The medium can be an electronic, magnetic, optical, electromagnetic, infrared, or semiconductor system (or apparatus or device) or a propagation medium. Examples of a computer-readable recordable medium include a semiconductor or solid state memory, magnetic tape, a removable computer diskette, a random access memory (RAM), a read-only memory (ROM), a rigid magnetic disk and an optical disk. Current examples of optical disks include compact disk-read only memory (CD-ROM), compact disk-read/write (CD-R/W) and DVD.
Further, a computer storage medium may contain or store a computer readable program code such that when the computer readable program code is executed on a computer, the execution of this computer readable program code causes the computer to transmit another computer readable program code over a communications link. This communications link may use a medium that is, for example without limitation, physical or wireless.
A data processing system suitable for storing and/or executing program code will include at least one processor coupled directly or indirectly to memory elements through a system bus. The memory elements can include local memory employed during actual execution of the program code, bulk storage, and cache memories which provide temporary storage of at least some program code in order to reduce the number of times code must be retrieved from bulk storage during execution.
Input/output or I/O devices (including but not limited to keyboards, displays, pointing devices, etc.) can be coupled to the system either directly or through intervening I/O controllers.
Network adapters may also be coupled to the system to enable the data processing system to become coupled to other data processing systems or remote printers or storage devices through intervening private or public networks.
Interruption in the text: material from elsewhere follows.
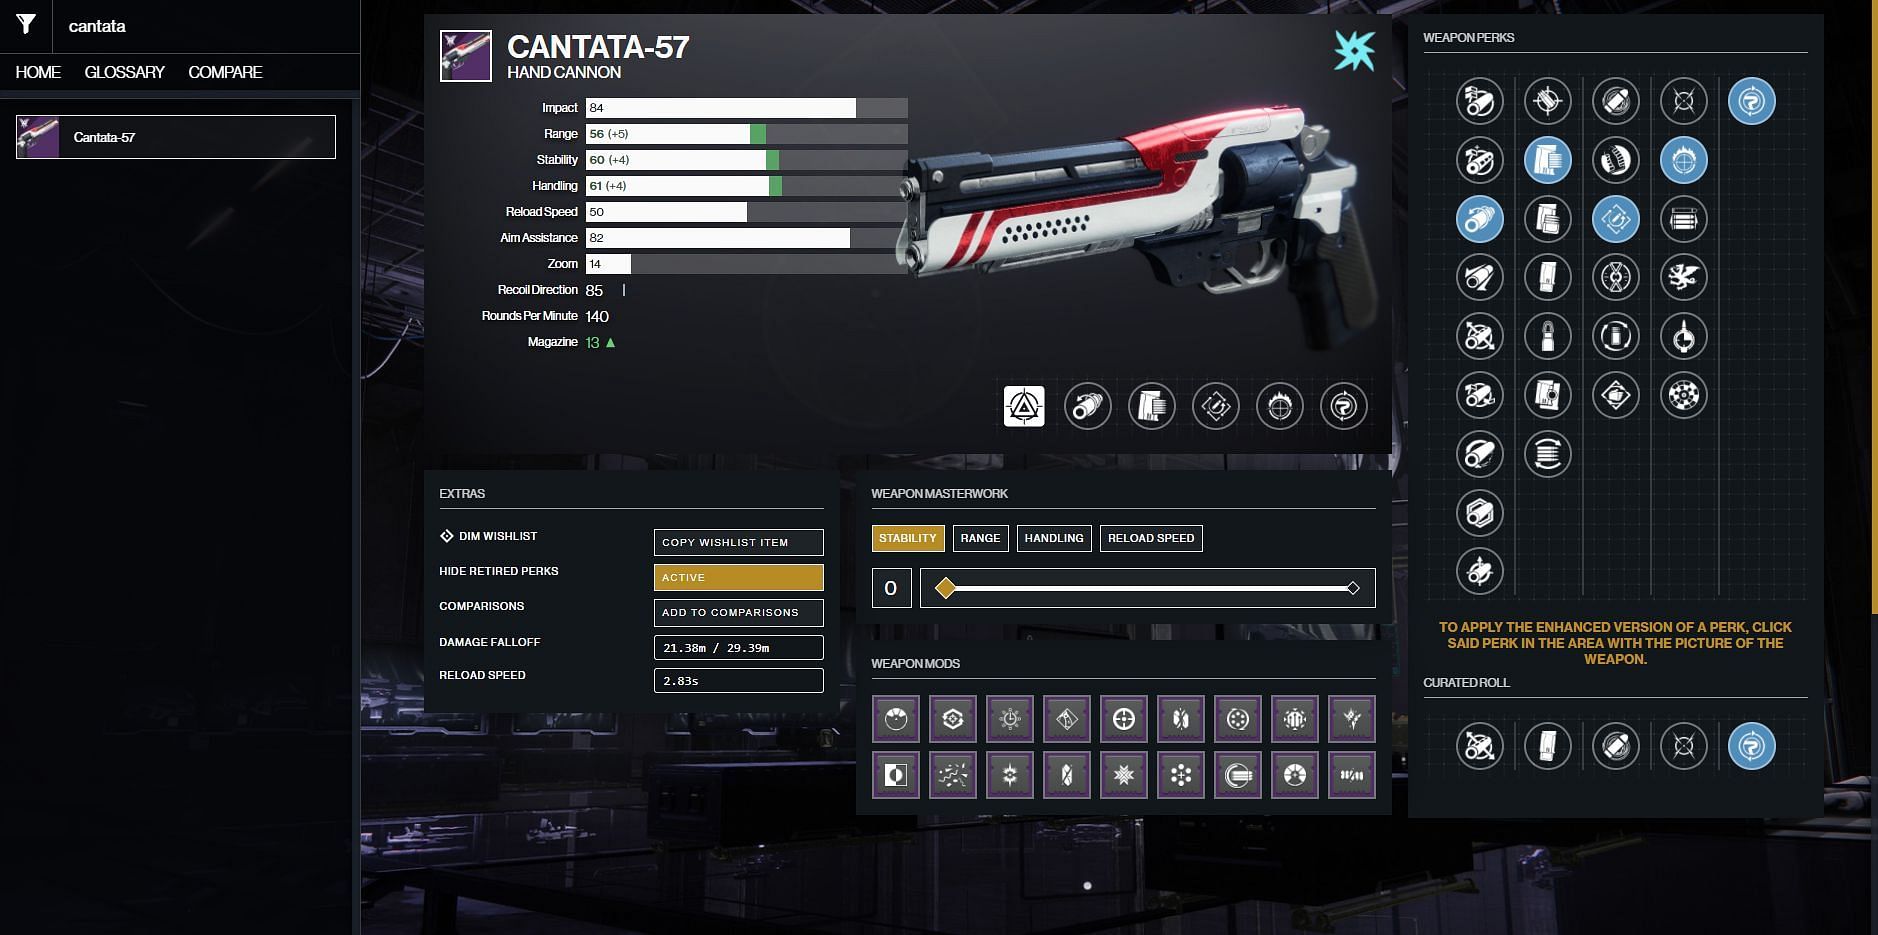 Best perks for Cantata-57 in PvE (Image via Destiny 2 gunsmith)

Modems, cable modem and Ethernet cards are just a few of the currently available types of network adapters.
The description of the present invention has been presented for purposes of illustration and description, and is not intended to be exhaustive or limited to the invention in the form disclosed. Many modifications and variations will be apparent to those of ordinary skill in the art. The embodiment was chosen and described in order to best explain the principles of the invention, the practical application, and to enable others of ordinary skill in the art to understand the invention for various embodiments with various modifications as are suited to the particular use contemplated.